# Dado cuts on bookshelf



## djmoss (Nov 9, 2008)

I have a question. If you are making a bookcase that's about 6 - 7 feet tall and are going to use dado cuts for the shelves to slip into, can those dado's be cut on a table router? If so, how do you set it up for a piece that size? How do you make multiple cuts on the board? Or, do you have to use just the router, and if so, what are the tips to make sure you get the cuts straight if not using a table and fence set up? Thanks


----------



## bobj3 (Jan 17, 2006)

Hi djmoss

Yes it can be done on the router table But it's best to do the job with a hand router...because of the size of the boards...it's best to do both ends of the cabinet at one time and then rip the stock to size, that way both ends are the same.. 

You should use a jig for both ways. 
here's a snapshot of a easy to make jig for the router table.
The jig can do many of the hard to do jobs on the router table.
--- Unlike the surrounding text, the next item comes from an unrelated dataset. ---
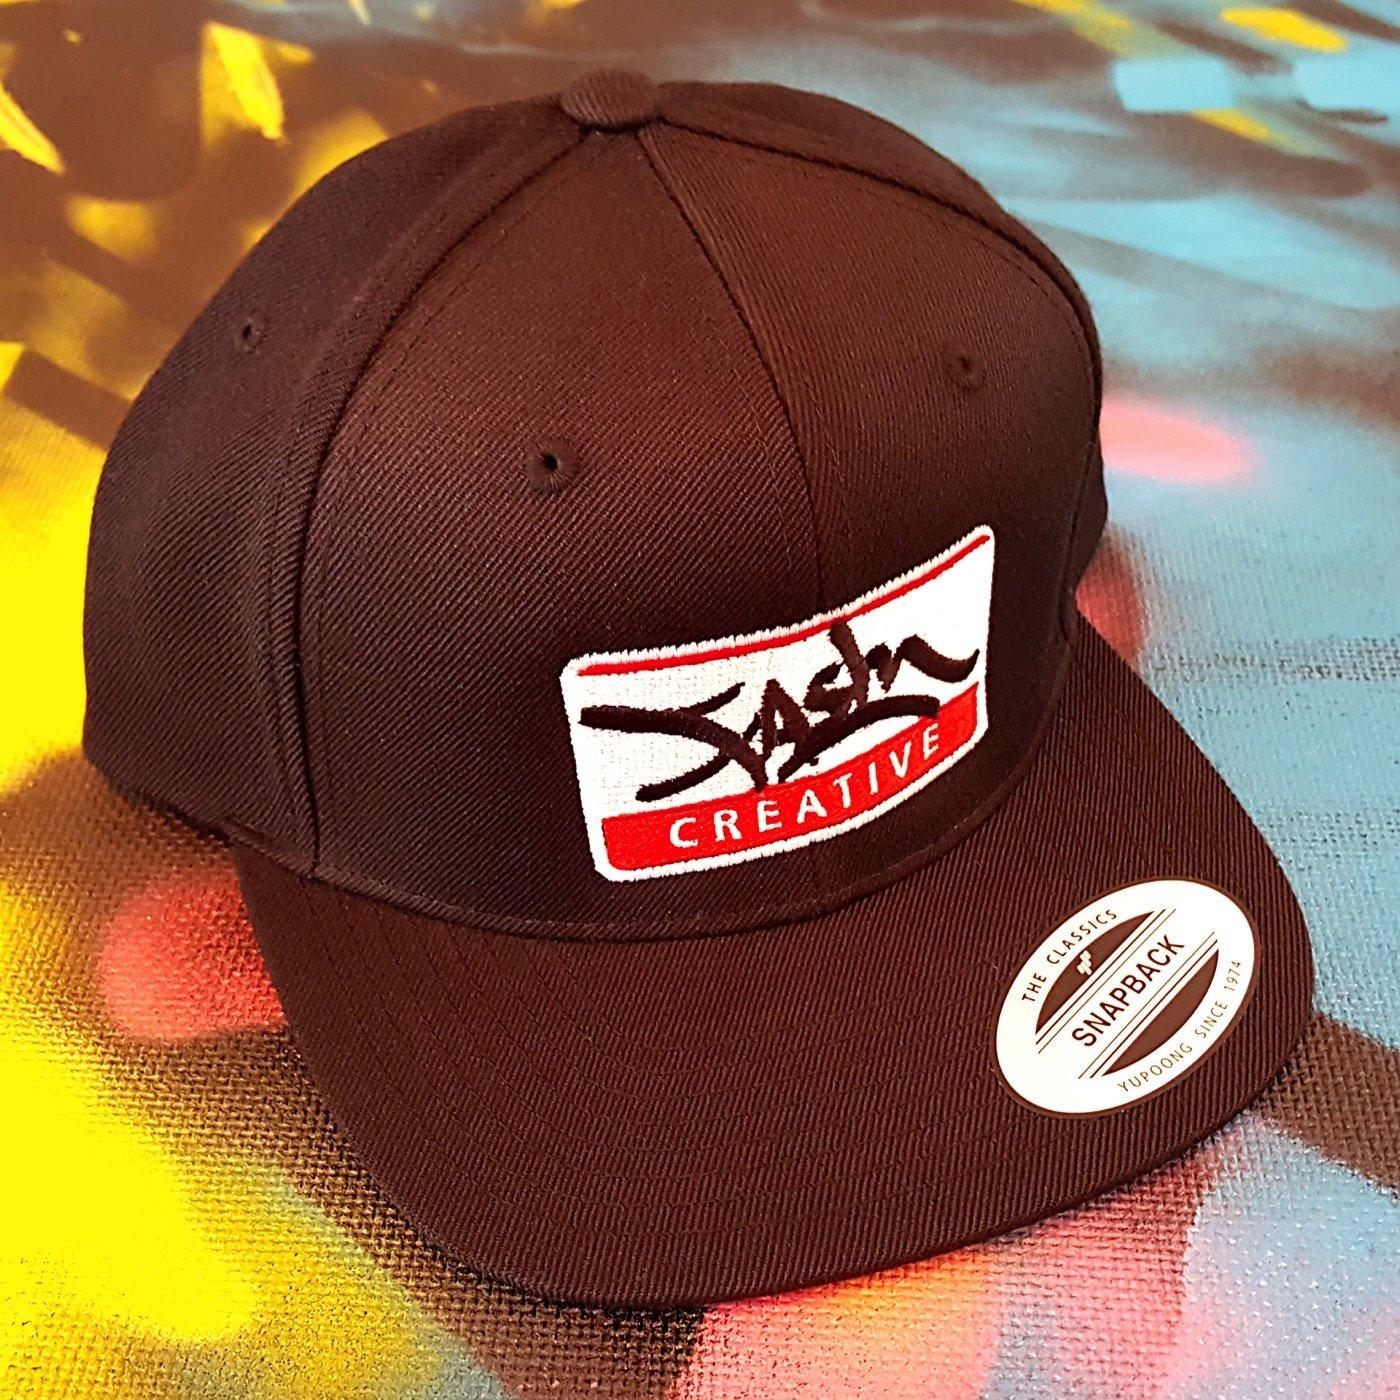 Fasm Creative Snap-back Hat

http://www.routerforums.com/jigs-fixtures/2711-dado-jig-plunge-router.html
http://www.routerforums.com/portable-routing/7749-halving-joints.html

======




djmoss said:


> I have a question. If you are making a bookcase that's about 6 - 7 feet tall and are going to use dado cuts for the shelves to slip into, can those dado's be cut on a table router? If so, how do you set it up for a piece that size? How do you make multiple cuts on the board? Or, do you have to use just the router, and if so, what are the tips to make sure you get the cuts straight if not using a table and fence set up? Thanks


----------



## Ghidrah (Oct 21, 2008)

I've ripped many a dado on the table and made a few cross cuts on small easily handled objects.
Many of the guys here use a device known as skis which are very versatile that could do the job. 

A simple way, (if you don't intend on crafting a skis setup) is to make a simple cross cut dado jig that fits a base template big enough to handle a 1" straight bit. Smaller bits can be used in the same template for pretty much any dado size under an inch. I made one wide enough to handle 2/12" wide boards together.

I've used this tech when I've done multiple duplicate shelves, which is also simple and give a bit wider range of use. A true straight edge (guide) squared to the intended boards and properly offset to the dado.


----------